** INSTRUCTIONS FOR THE TASK **
Make an exact copy of all the data, pictures excluded.

** DATASET SECTION **
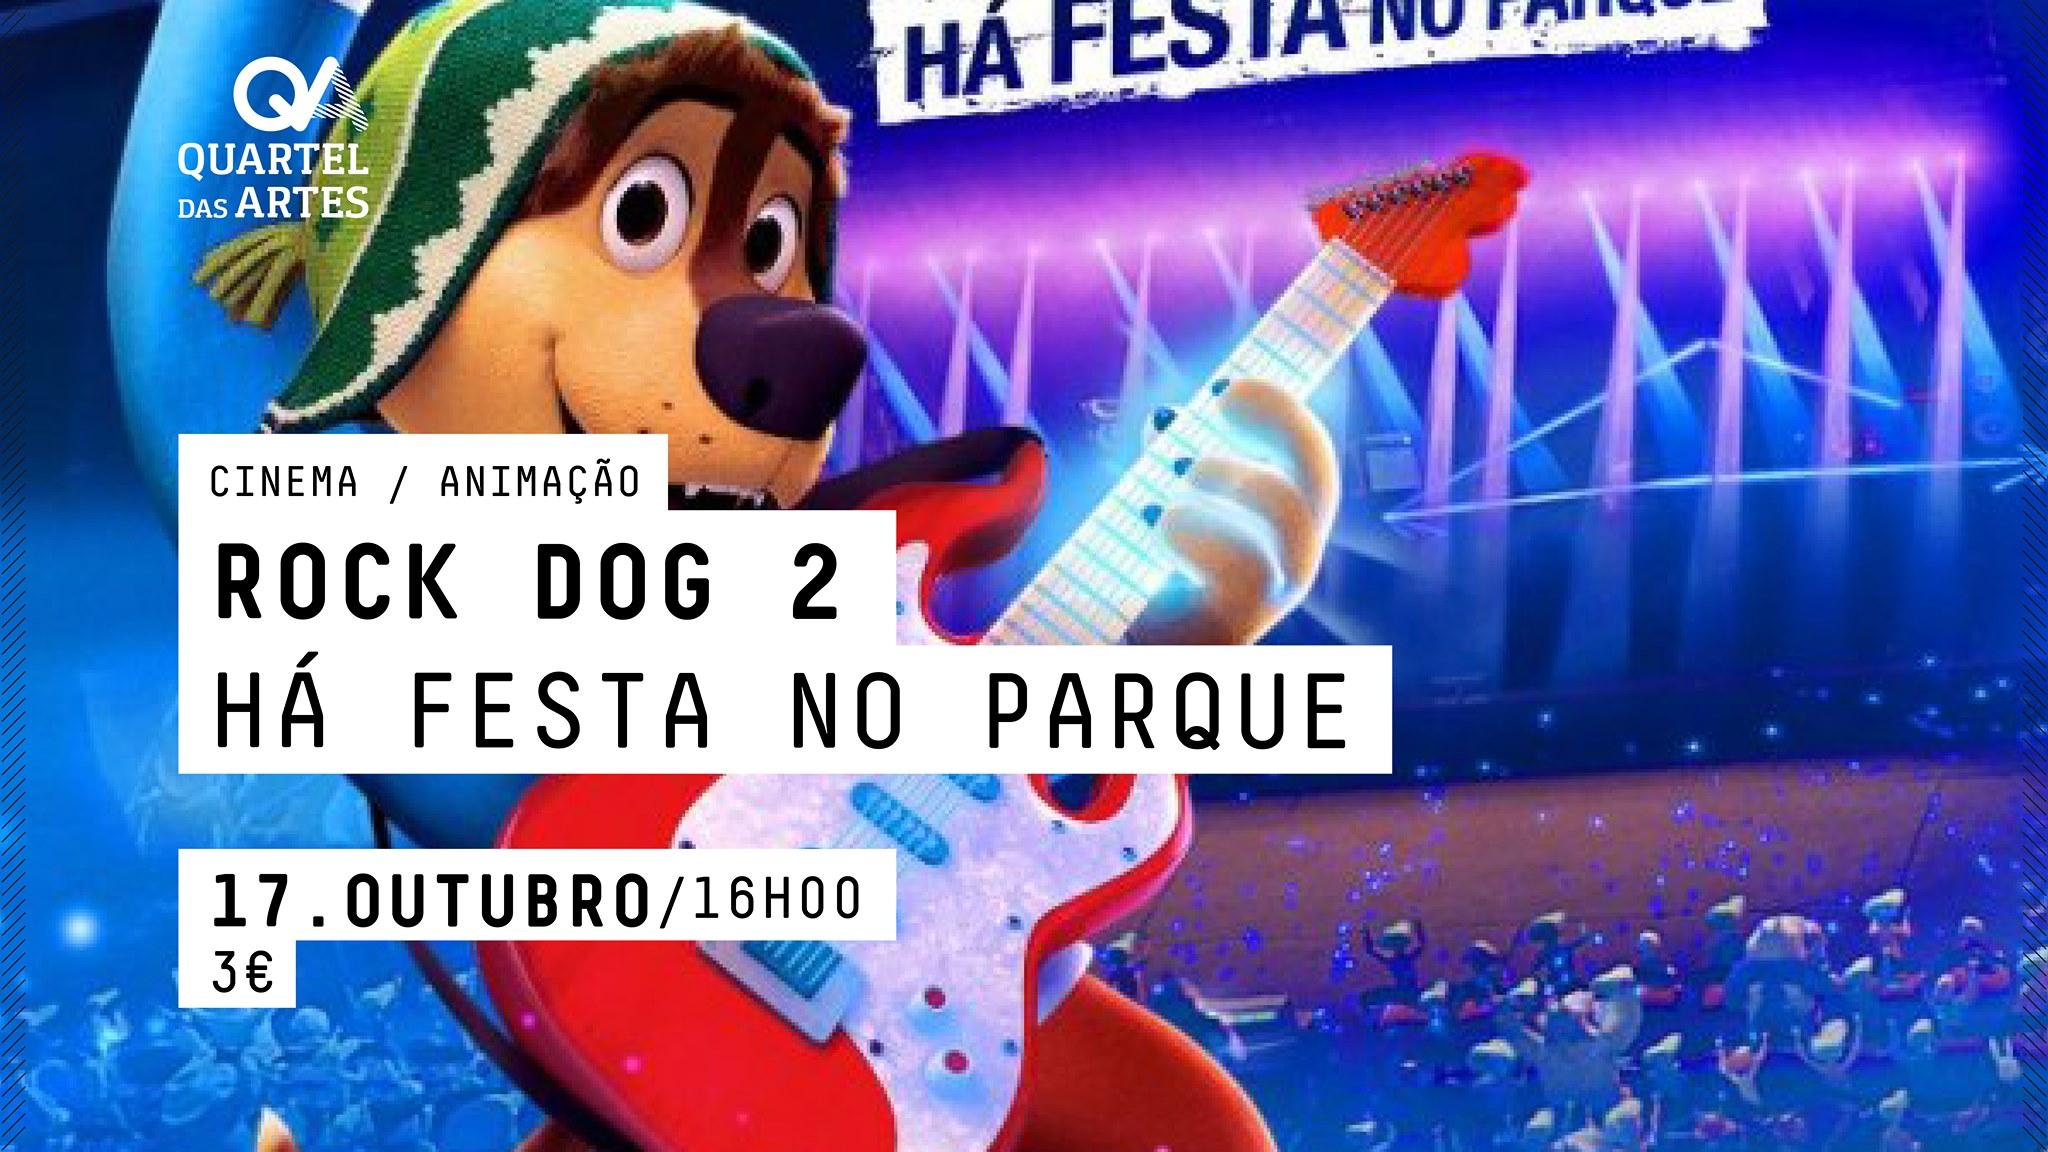 ROCK DOG 2 HÁ FESTA NO PARQUE - CINEMA
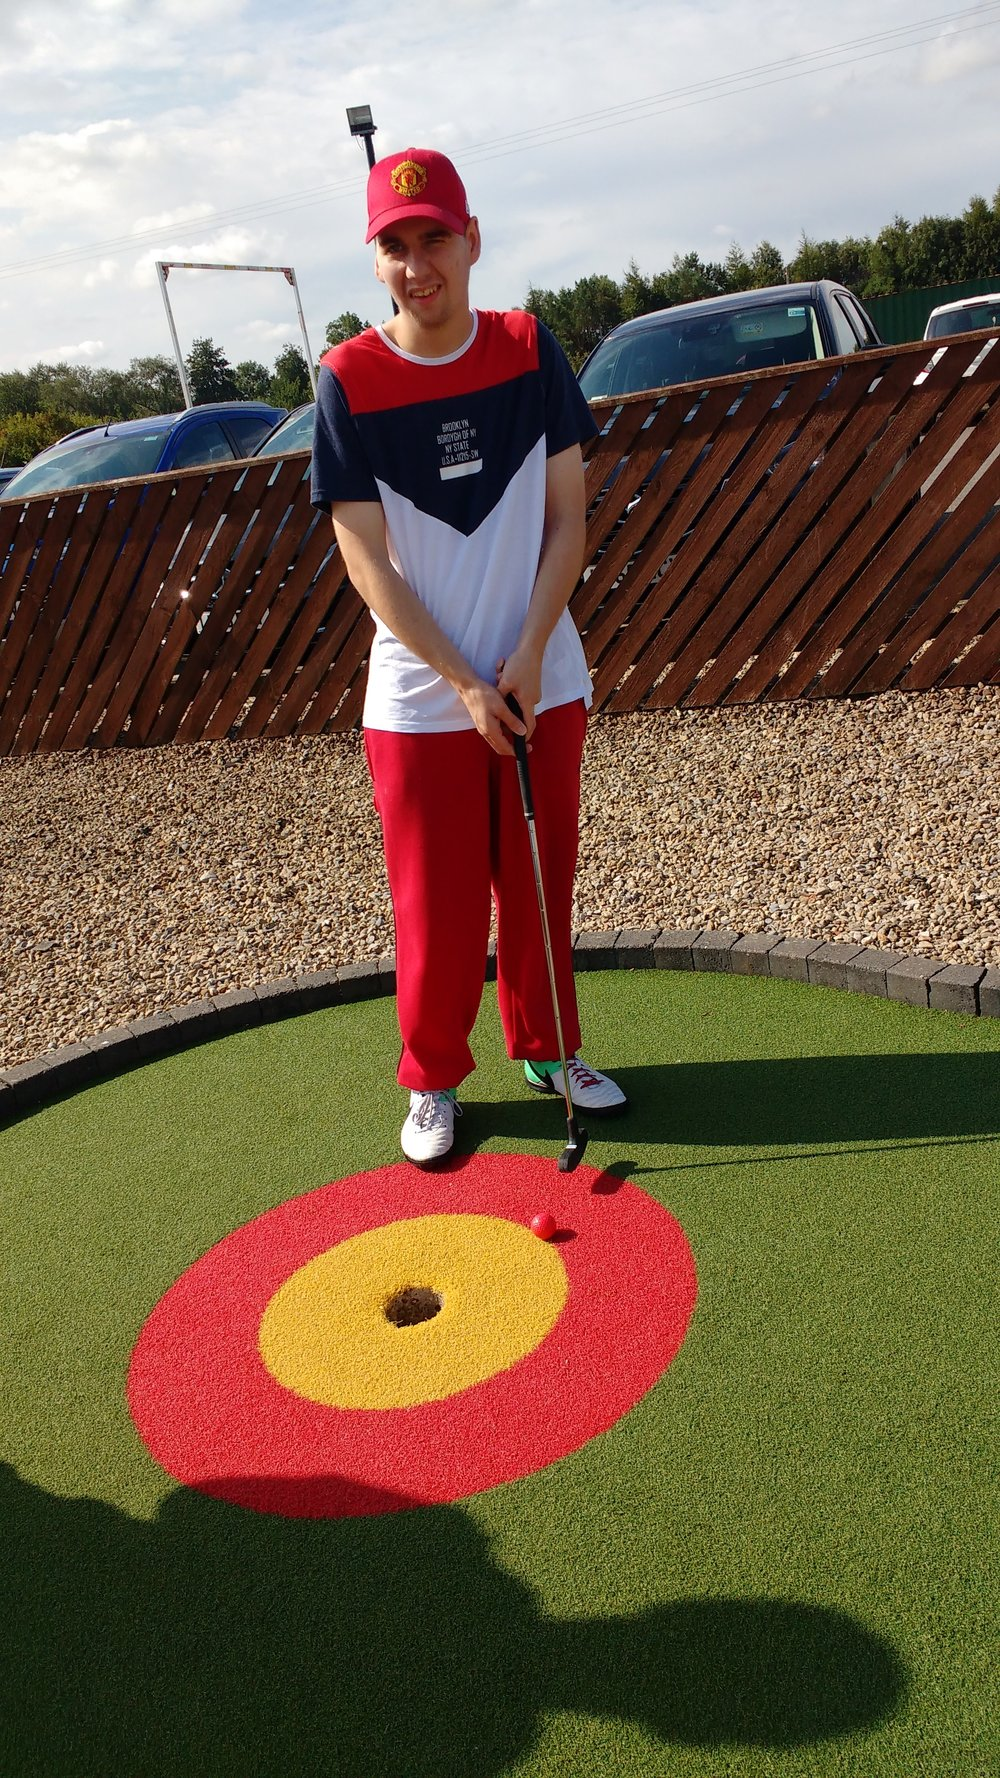 Nathan golf2.jpg
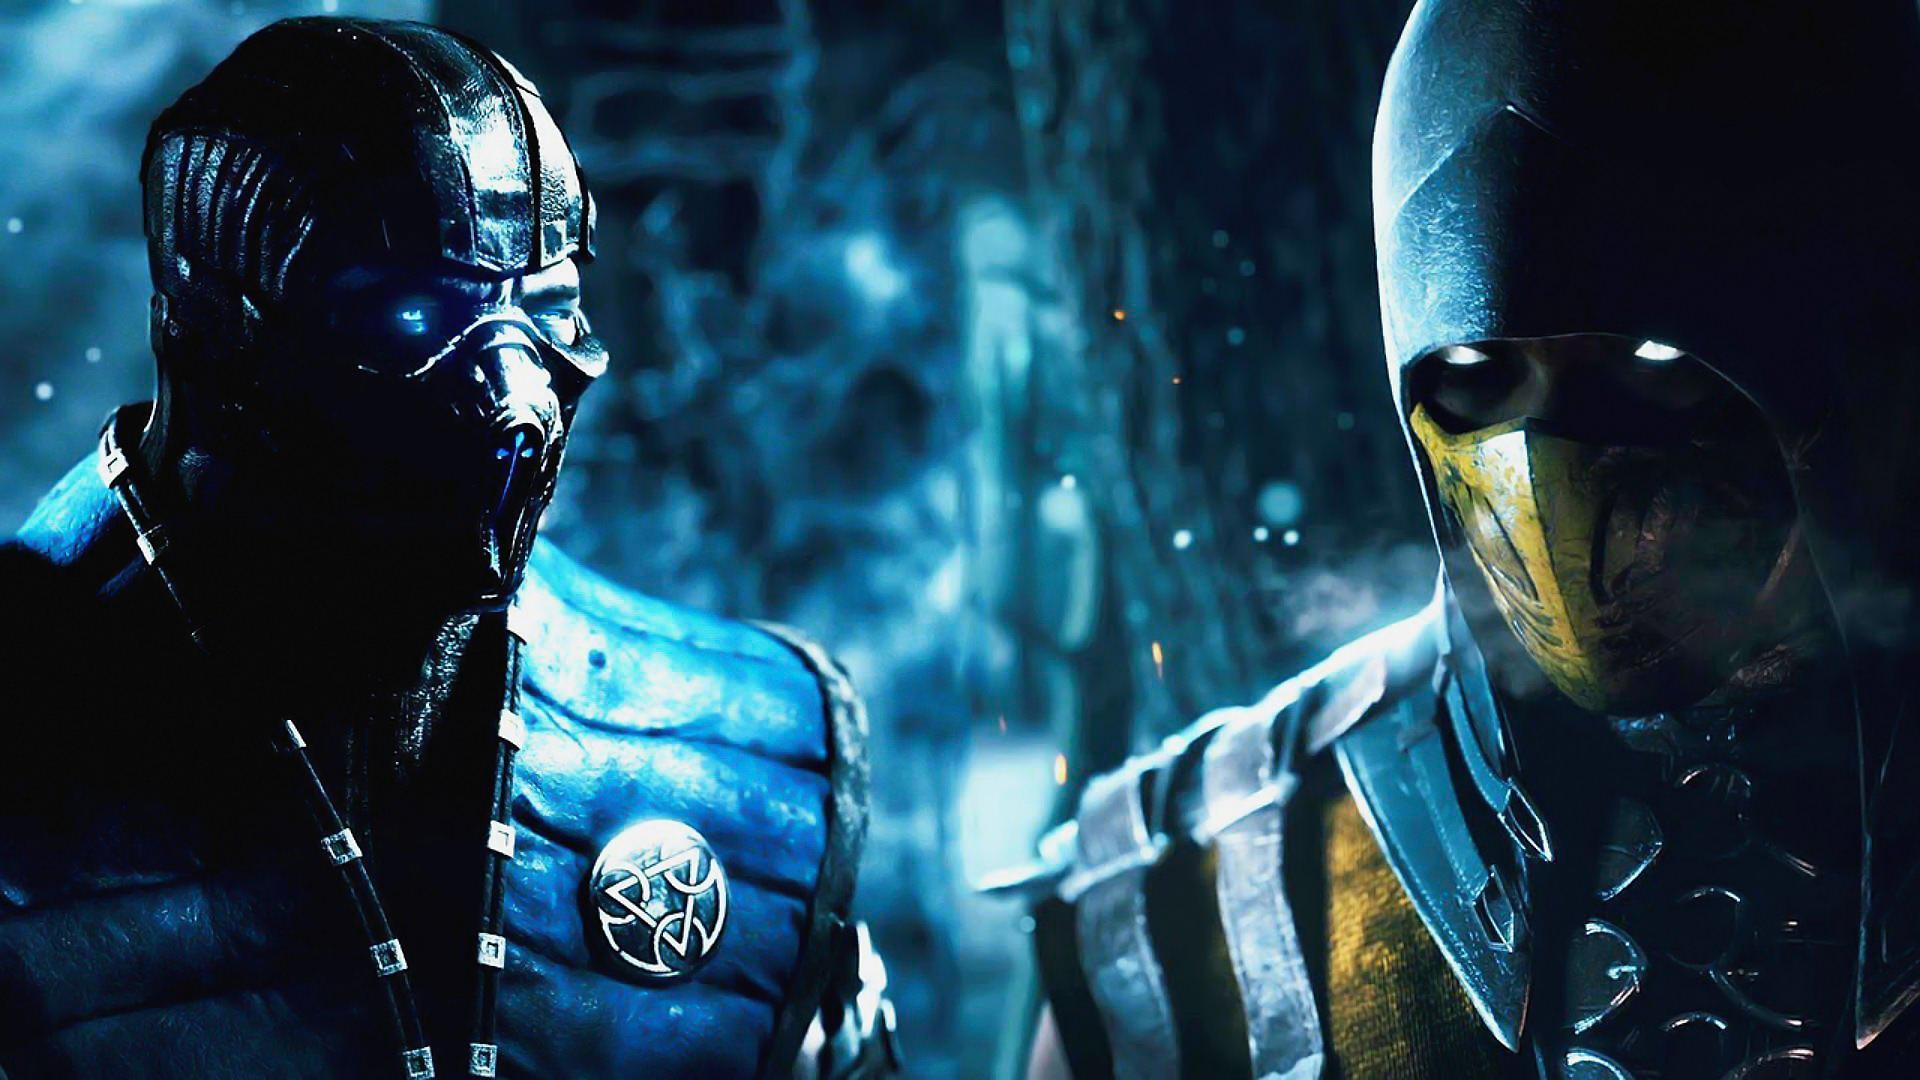 Mortal Kombat Scorpion Vs Sub Zero Wallpapers Top Free Mortal

** TASK SOLUTION **
 ROCK DOG 2 HÁ FESTA NO PARQUE - CINEMA
 Nathan golf2.jpg
 Mortal Kombat Scorpion Vs Sub Zero Wallpapers Top Free Mortal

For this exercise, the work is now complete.